Opinion
2016-2717 Q C
12-07-2018
Jones Jones, LLP (Agnes Neiger, New York, of counsel), for appellant. Israel, Israel & Purdy, LLP (Jennifer Greenhalgh Howard and Scott Fisher of counsel), for respondent.
Jones Jones, LLP (Agnes Neiger, New York, of counsel), for appellant.
Israel, Israel & Purdy, LLP (Jennifer Greenhalgh Howard and Scott Fisher of counsel), for respondent.
PRESENT: : MICHELLE WESTON, J.P., MICHAEL L. PESCE, BERNICE D. SIEGAL, JJ
ORDERED that the order, insofar as appealed from, is affirmed, without costs.

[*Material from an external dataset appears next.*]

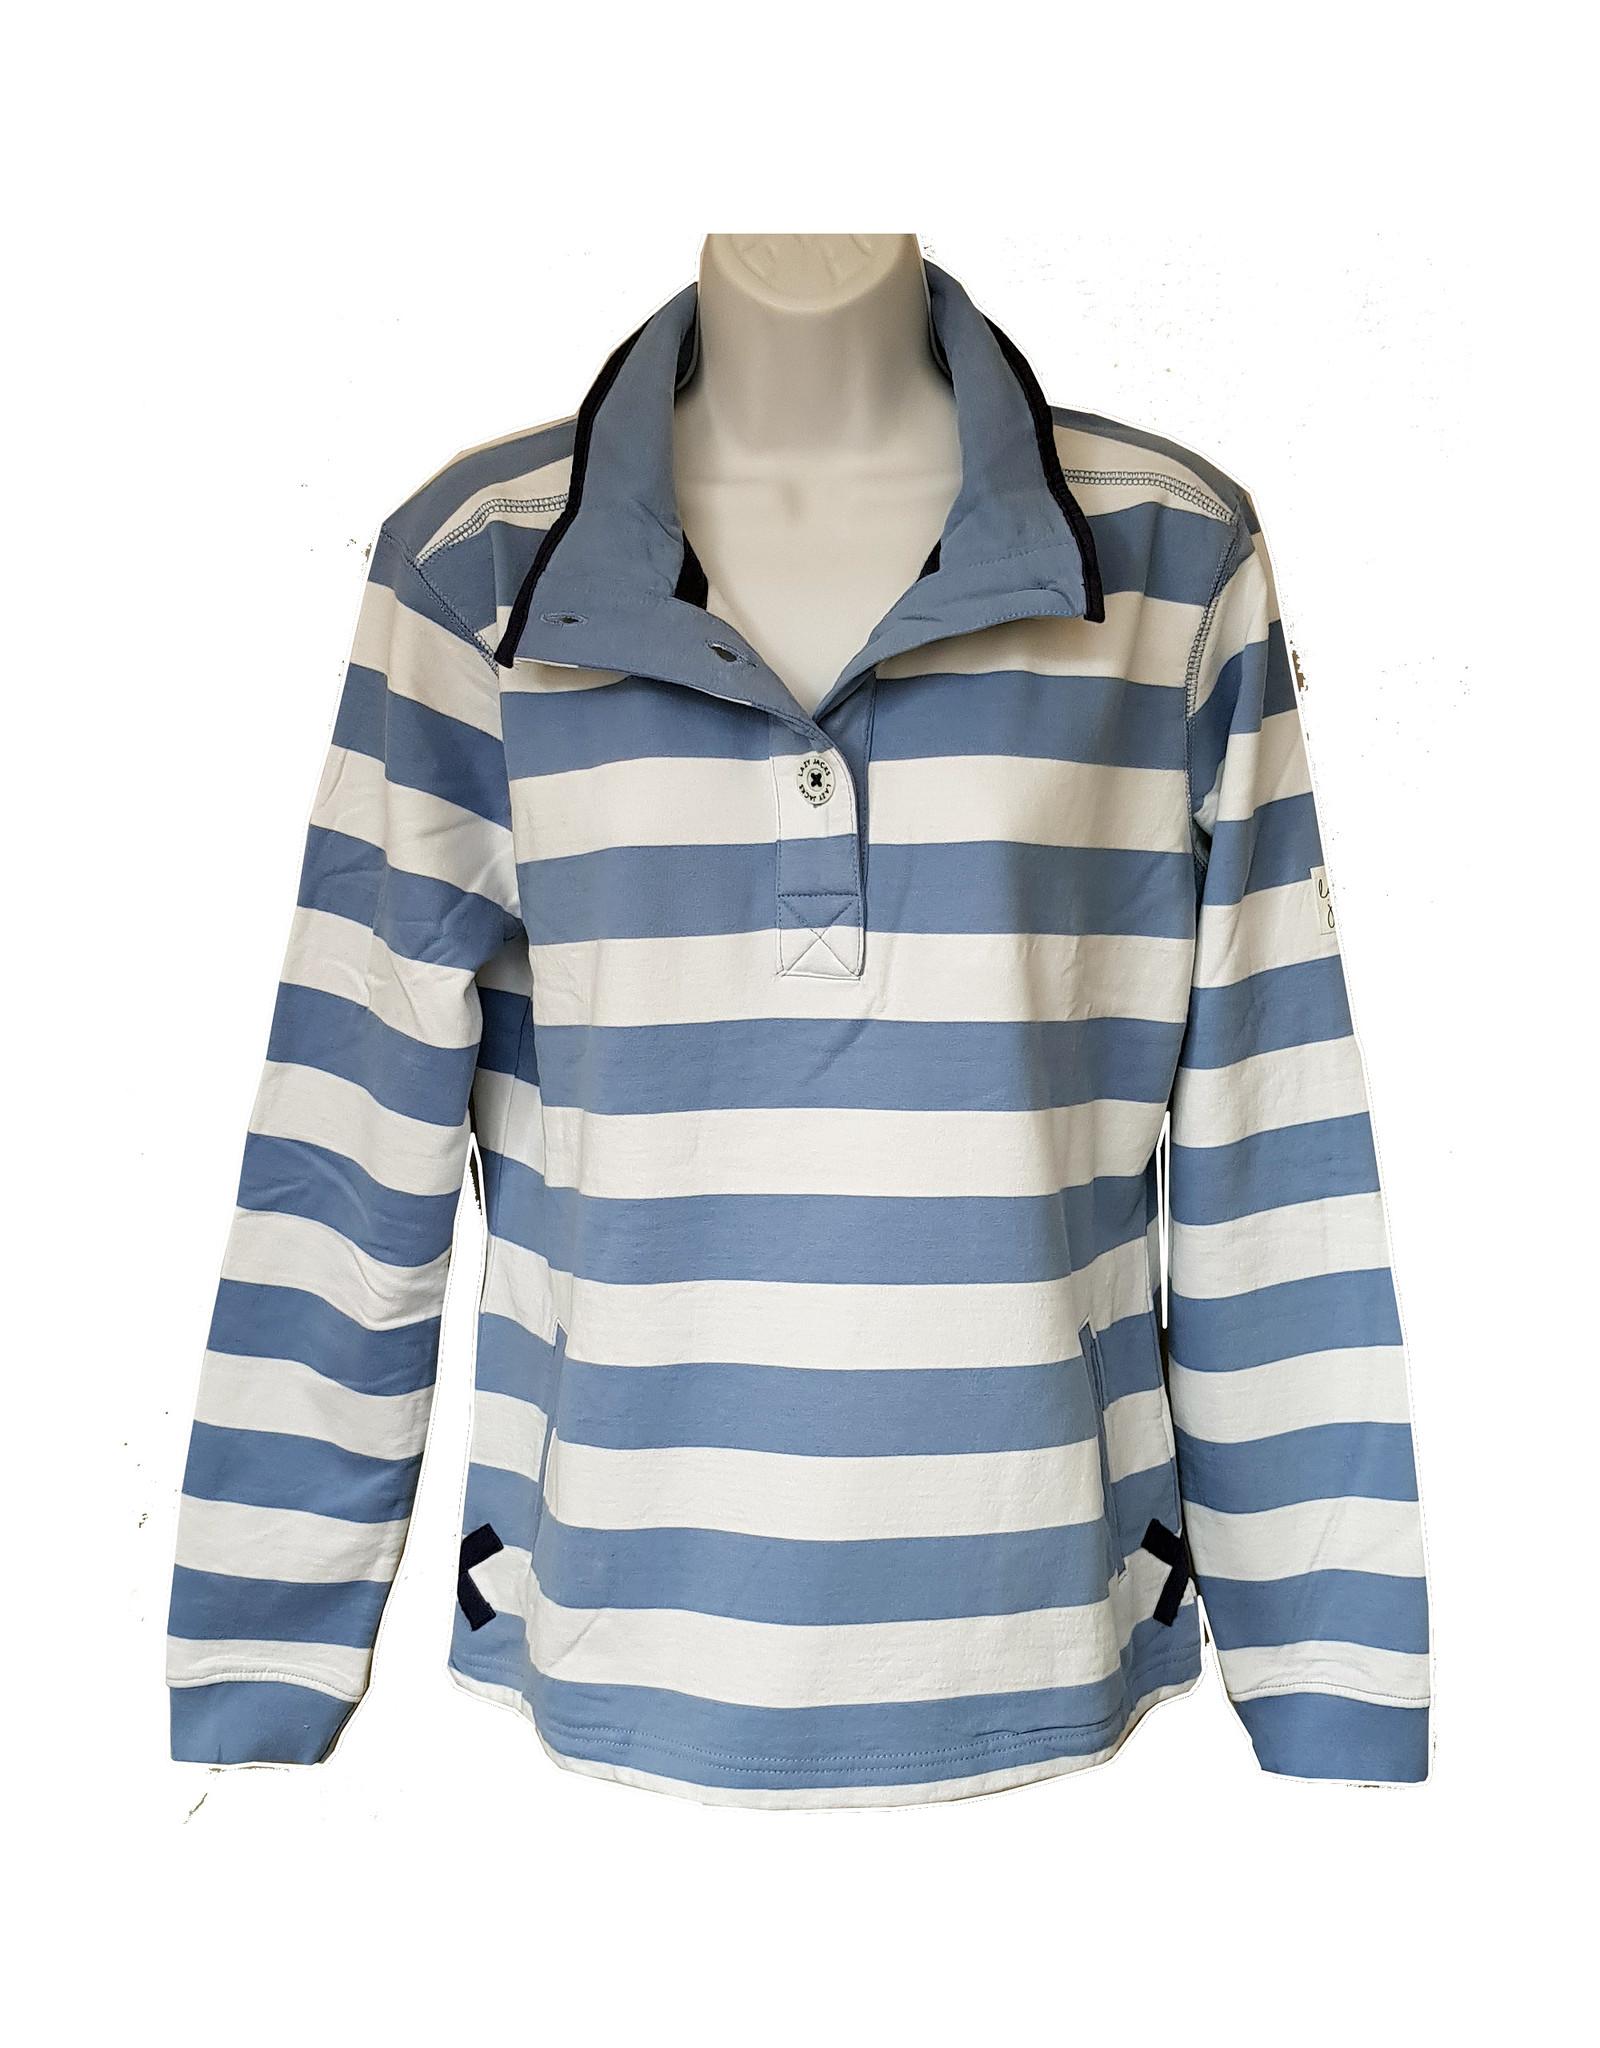 Lazy Jacks Lazy Jacks Slim Striped Sweatshirt LJ6 - Cardigan Bay Dolphin

Plaintiff commenced this action against the Metropolitan Transportation Authority (MTA) to recover assigned first-party no-fault benefits. Defendant's attorneys informed plaintiff's counsel by letter that they had been retained, and proposed in that letter that the parties enter into a stipulation providing for an extension of defendant's time to answer the complaint. Shortly thereafter, defendant served an answer. However, although the caption of the answer correctly stated that MTA is the defendant, the body of the answer stated that it was interposed on behalf of the New York City Transit Authority (NYCTA). Approximately five years after the answer was served, the MTA moved, pursuant to CPLR 3215 (c), to dismiss the complaint as abandoned, as plaintiff had not entered a default judgment within one year of the MTA's default, or, in the alternative, for leave to amend the answer to replace all references to the NYCTA with the MTA, and for, among other things, summary judgment dismissing the complaint. By order entered August 14, 2014, the Civil Court granted the branch of defendant's motion seeking to amend the answer and denied the remaining branches of the motion. Defendant appeals from so much of the order as denied those remaining branches.
CPLR 3215 (c) provides that if a "plaintiff fails to take proceedings for the entry of judgment within one year after the default, the court shall not enter judgment but shall dismiss the complaint as abandoned ... unless sufficient cause is shown why the complaint should not be dismissed." However, a defendant's conduct may act as a waiver of any right which the defendant may have to the dismissal of the complaint under CPLR 3215 (c) (see Gilmore v Gilmore , 286 AD2d 416 [2001] ; Cohen v Ryan , 34 AD2d 789 [1970] ; Avir Surgical Supplies, Inc. v Windsor Group Ins. Co. , 32 Misc 3d 134[A], 2011 NY Slip Op 51452[U] [App Term, 2d Dept, 2d, 11th & 13th Jud Dists 2011] ). Here, where defendant's attorneys wrote a letter to plaintiff's counsel to propose an extension of defendant's time to answer the complaint, and subsequently served an answer, defendant has waived its right to dismissal of the complaint pursuant to CPLR 3215 (c) (see Gilmore , 286 AD2d 416 ; Cohen , 34 AD2d at 790 ; see also Sobczynski v Chiari , 257 AD2d 565 [1999] ). Furthermore, upon the record presented, defendant failed to demonstrate its entitlement to summary judgment dismissing the complaint, as defendant failed to make a prima facie showing that plaintiff had not submitted the bills at issue to defendant.
Accordingly, the order, insofar as appealed from, is affirmed.
WESTON, J.P., PESCE and SIEGAL, JJ., concur.